I’m bridging a bit of Cyclista Zine into this blog and I hope you all don’t mind. Today’s post is about how I am carrying a new outlook into the new year as I work on cultivating a space for radical bike joy this season. Part of cultivating bike joy is rewriting the narrative and that includes the narratives we tell about our bodies. This time of year is difficult for folks to navigate resolutions for body centric metrics. It’s bad enough that bike media and influencers are pushing “off season” fitness messages, so my message to you is to distinguish what is holisitic and healthy for you. Including unfollowing some of your favorite influencers who push these messages!
While the impacts of these messages are harmful and fatphobic, the impacts can lead to body image issues, eating disorders, and lack of representation of diverse bodies on bikes. While body diversity needs to be centered in bike culture, people can’t fathom body diversity in sport and fitness, let alone fathom that non-abled or larger bodies can ride a bike and be healthy!
We don’t need patriarchal body values being perpetuated in cycling and beyond. Our body does not need to change or stay in shape to cycle all year long. And I find it inherently ableist to push messages that people’s bodies and mental health need to be worked on for the purpose of extraction constantly.
So, my goal this year is to tackle topics of fatphobia and ableism. Both are inextricably linked but the way they are represented in cycling are totally different, and finding radical bike joy comes in many forms of pleasure activism, anti-racism, and liberation. All bodies belong on bikes if they so please and all bodies deserve access to joyful movement without the harsh realities of fatphobia, weight bias, ableist bias, racial bias, and mental health stigma.

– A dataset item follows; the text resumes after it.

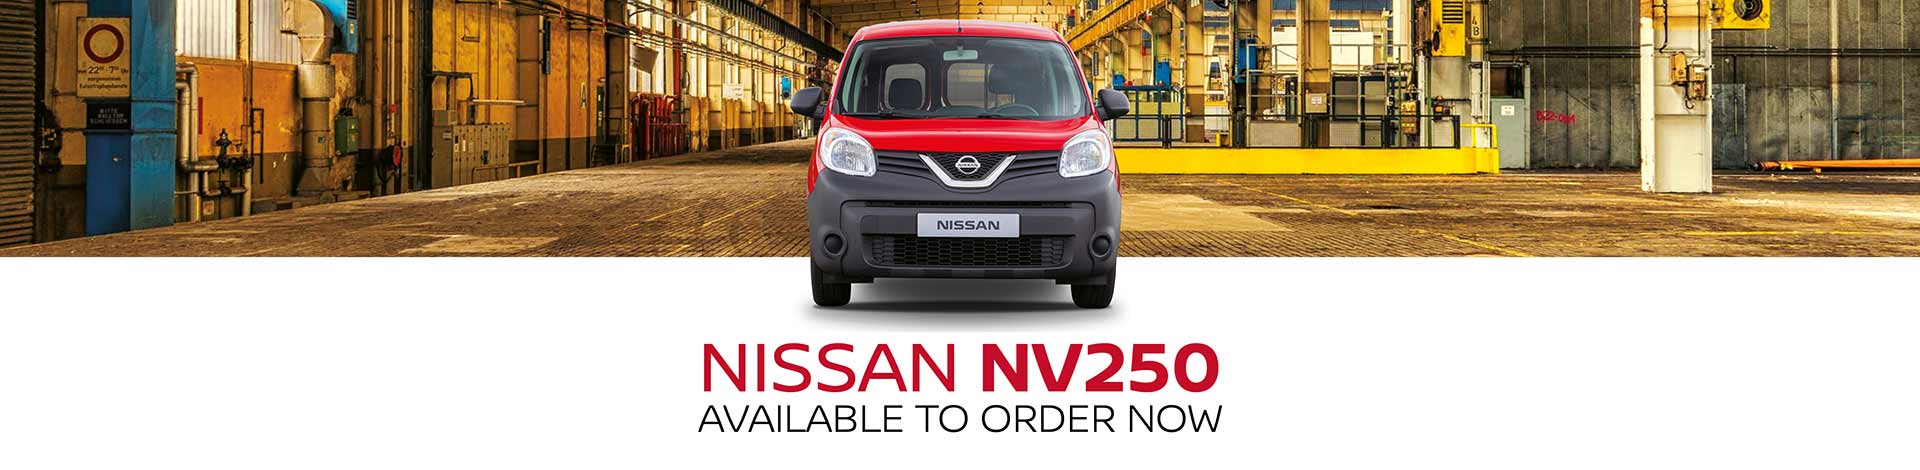 Nissan Nv250 available now

Despite our ‘good intentions’ and ideas as ‘good’ people to talk about how “all bodies belong on bikes”, our biases affect the way we engage with people and creating an inclusive space will continue to challenge us to unlearn our biases.
So remember that your body is not an apology, it is not to be fixed because society tells you. You are worthy of rest, nourishment, and love for simply existing.
I look forward to sharing more of this work with you in the new year.